The intervention carried out by the Chinese architect Haipeng Ren of Days in the Yard studio starts precisely from this reflection, namely that “A courtyard in the Hutong or alley of Beijing is in itself a private residence as well as a meeting place: it has always been so. When did we Chinese people begin to prefer living in flats in the form of box?“All in a global perspective offering a direct reference to Italian or Spanish villages with similar spatial and social qualities, for a courtyard between two ancient groups of temples: one, a block away, is the watchtower north- east of the Palace Museum; the other, occupying half of the aisle to the north, is the Zhizhu (Pearl of Wisdom) Temple.
The Shiyuan project of the Days in YARD studio created for a private client, which allowed the architect maximum creative freedom, starts from a design approach centered on “first expand – then contract”. All aimed at transforming a small and limited space into something that was visually spacious, rich and versatile. Haipeng Ren’s first step was therefore to make the complex – consisting of a 168 square meter courtyard and 110 square meters for the interior – as open and comfortable as possible, while minimizing the environmental impact. To enhance the home experience, the architect opened up the lower level and merged it with the courtyard, creating a fluid interface that connects interior and exterior. The upper level bedrooms, on the other hand, offer a semi-private space with a multifunctional design approach that includes not only the living areas, but also workshops and a recording studio. The fact that Haipeng Ren himself is a musician greatly influenced his attention to acoustic aspects and audio-visual synesthetic effects when designing Shiyuan.
A key aspect of Shiyuan’s renovation was the desire to harmonize ancient Chinese building principles with modern Western-origin construction. As Haipeng Ren explains: “Here we have adopted the low energy building standard, i.e. the passive housing technology developed by the German Passive House Institute (PHI) and the project has met the PHI certification process for the design. Simultaneously, we also took into consideration the Active House standards (established by the Active House Alliance).”

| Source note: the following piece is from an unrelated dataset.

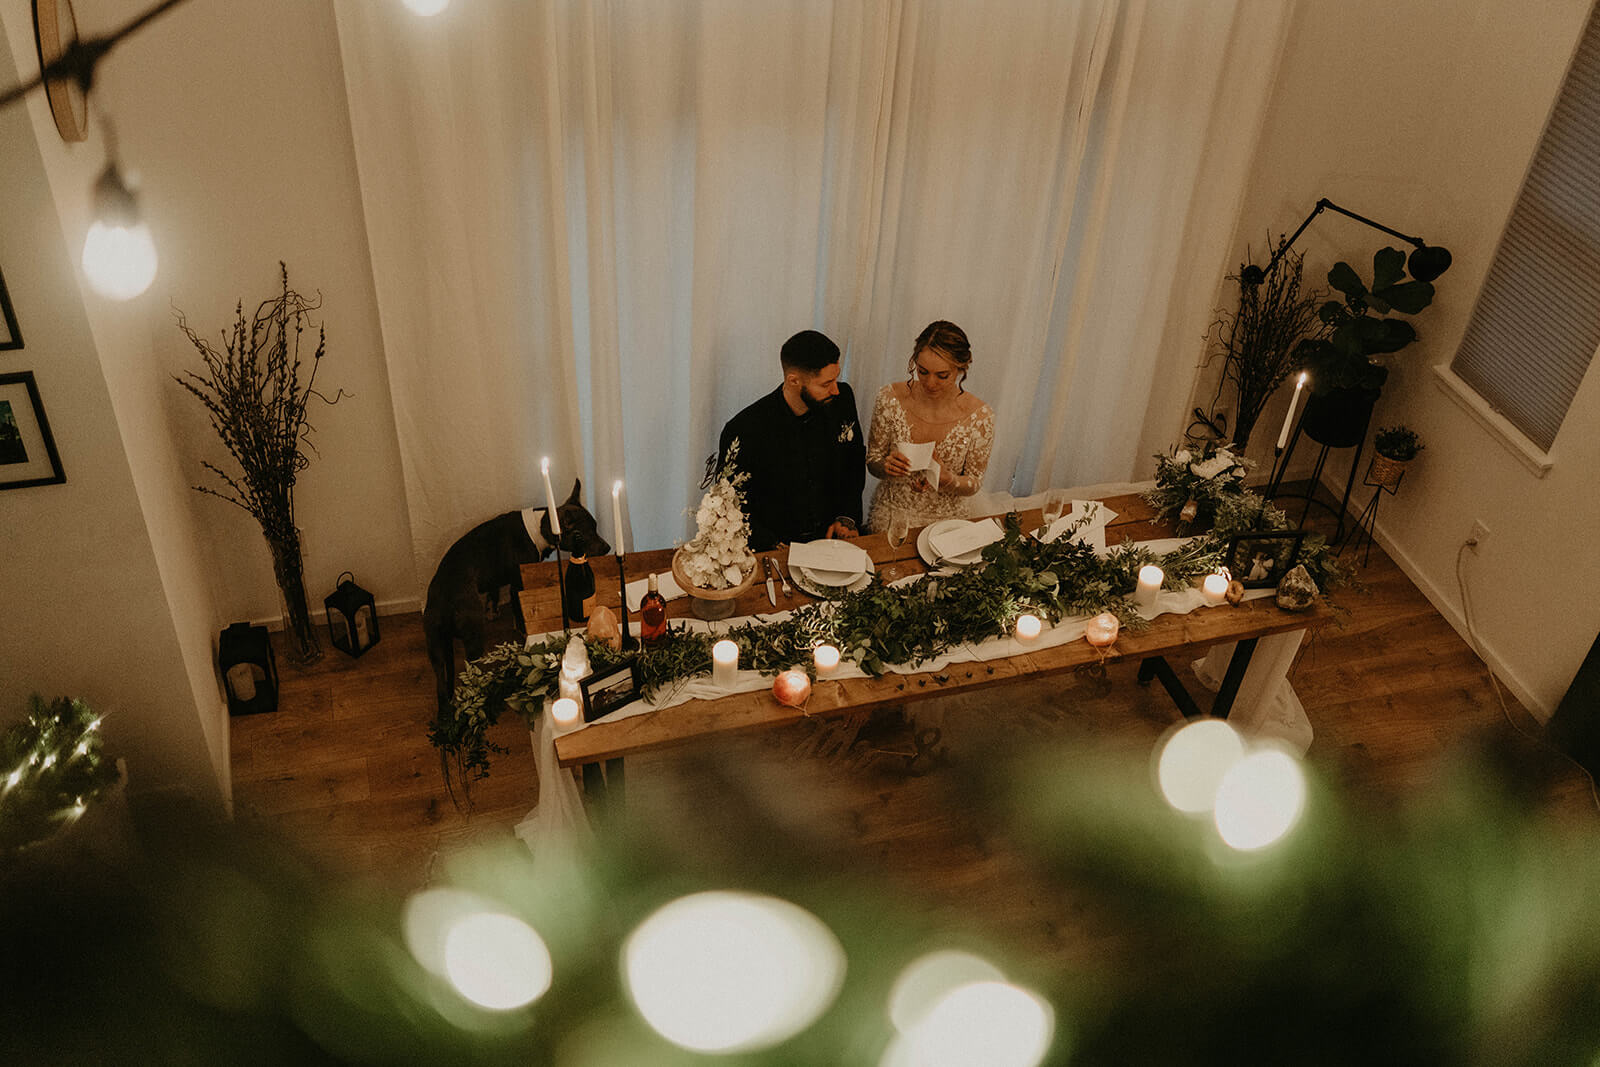 Bride and groom reading letters at the dining table in cozy cabin

Especially, the active house alliance not only pays attention to energy conservation during construction, environmental protection and sustainability aspect, but also evaluates the health and lifestyle of users inside the buildings. The basic philosophy is to create a meaningful living environment for people, ensuring the perfect balance of the site’s resources. So much so that in 2021, the Shiyuan project of Days in YARD won the first prize of the Active Excellent Award for design, the first competition in China sponsored by the Active House Alliance.
A recognition that highlights the careful planning work carried out by the architect Haipeng Ren, who considers measurable sustainability a crucial element of the intervention.

Christiane Burklein

Project: Days in the Yard
Head of architecture and interior design: Haipeng Ren
Design and Construction of Traditional Chinese Architecture: Haipeng Ren, Zhijun Liu Team
Interior and furniture: Haipeng Ren, Xue Zhao, Yong Liu and Yimu Team
Landscaping: Haipeng Ren, Haiyue Garden, Chengxuan Guo
Passive house consultant: HXP PLANUNG GmbH (Xin Liao, Xing Zhao, Peng Liu and team)
Location: Beijing, China
Year: 2021
Images: Zoulei, Yiqing, Haipeng (days in the yard)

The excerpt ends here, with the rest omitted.